Finally, edit tzar_emulation.yaml to reflect this simple example.

No values need to be changed except for the tzar_jar_name_with_path. You need to replace "[FULL PATH TO YOUR TZAR JAR]" with the full path and file name for the tzar jar file on your machine, e.g., "~/tzar_jars/tzar-0.5.5.jar".

emulating_tzar:                         TRUE

echo_console_to_temp_file:              TRUE
console_out_file_name_with_path:        "./console_sink_output.tzar_em.txt"

project_path:                           "."
tzar_jar_name_with_path:                "[FULL PATH TO YOUR TZAR JAR]"
emulation_scratch_file_name_with_path:  "./tzar_em_scratch.yaml"

copy_model_dot_R_tzar_file:             FALSE
model_dot_R_tzar_SRC_dir:               "."
model_dot_R_tzar_disguised_filename:    "model.R.tzar"
required_model_dot_R_filename_for_tzar: "model.R"
overwrite_existing_model_dot_R_DEST:    FALSE

Run the code

You should now be ready to load the main code in R and then run the emulation. Assuming you're still in the tzar_em_example directory:

source ("tzar_main.R")
runt()

This produces the output in the box below. The beginning of the output is boilerplate that can be ignored. (NOTE: In what follows below, the text appearing as "[...]" will be replaced by path information specific to your machine.)

> runt()
Created 1 runs. 
Outputdir: [...]/tzar_em_example/default_runset/1_default_scenario.inprogress 
Running model: [...]/tzar_em_example/., run_id: 1, Project name: tzar_em_example, Scenario name: default_scenario, Flags:  
Run 1 succeeded. 
Executed 1 runs: 1 succeeded. 0 failed 

In run_tzar:  Finished running dummy EMULATION code under tzar.
               Ready to go back and run real code outside of tzar...
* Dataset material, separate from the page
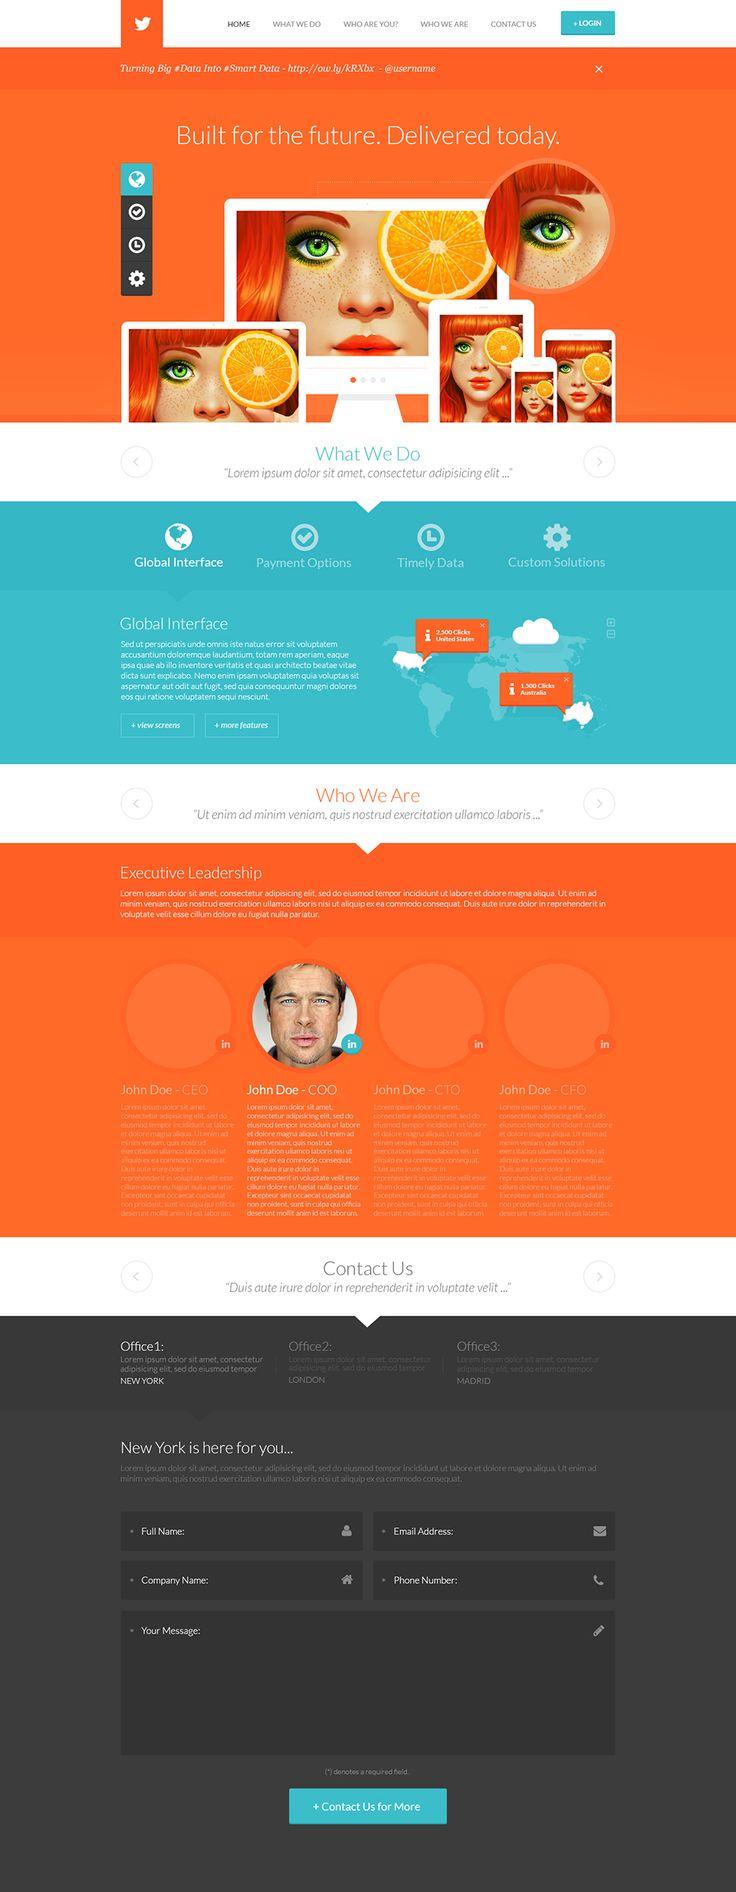 239 besten goSudo Bilder auf Pinterest | Grafik design, Poster und ...

However, after the boilerplate, notice the following things:

The value of parameters$full_output_dir_with_slash has captured the directory that tzar built for your program's run, i.e., [...]/tzar_em_example/default_runset/1_default_scenario.inprogress/.
- Notice the .inprogress extension on the directory name.
  - That is the name of the directory while the emulation is running.
  - If it runs to completion, the emulator replaces that extension with .completedTzarEmulation to show that this was an emulation run.
  - If it fails during emulation, the extension will still say .inprogress since the cleanup stage was never reached.
The value of parameters$some_other_variable is printed as "5", as it should since that's the value in the project.yaml file.

Inside my_main_code():
    parameters$full_output_dir_with_slash = 
' [...]/tzar_em_example/default_runset/1_default_scenario.inprogress/ '
    parameters$some_other_variable = ' 5 '

The output then shows the location of the final outputs after the emulator has renamed everything to indicate successful completion of the emulation. If you examine the 1_default_scenario.completedTzarEmulation directory you will find the usual tzar metadata files in the metadata subdirectory.

Final tzar output is in:
    '[...]/tzar_em_example/default_runset/1_default_scenario.completedTzarEmulation'

Because the tzar_emulation.yaml file in this example sets the echo_console_to_temp_file flag to TRUE, there should also be a copy of the console sink output in the metadata directory of 1_default_scenario.completedTzarEmulation.

In clean_up_console_sink:

Closing sink file.

destination for sink file move = ' [...]/tzar_em_example/default_runset/1_default_scenario.inprogress/metadata/console_sink_output.tzar_em.txt '


In run_tzar:  Finished running tzar WITH emulation...

If you open that file in a text editor, you should see something like this:



In run_tzar:  Finished running dummy EMULATION code under tzar.
               Ready to go back and run real code outside of tzar...
Inside my_main_code():
    parameters$full_output_dir_with_slash = 
' [...]/tzar_em_example/default_runset/1_default_scenario.inprogress/ '
    parameters$some_other_variable = ' 5 '


Final tzar output is in:
    '[...]/tzar_em_example/default_runset/1_default_scenario.completedTzarEmulation'



In clean_up_console_sink:

Closing sink file.

That's the end of the simple example. Next, we discuss some common problems that can come up in tzar emulation, particularly when you're first using it.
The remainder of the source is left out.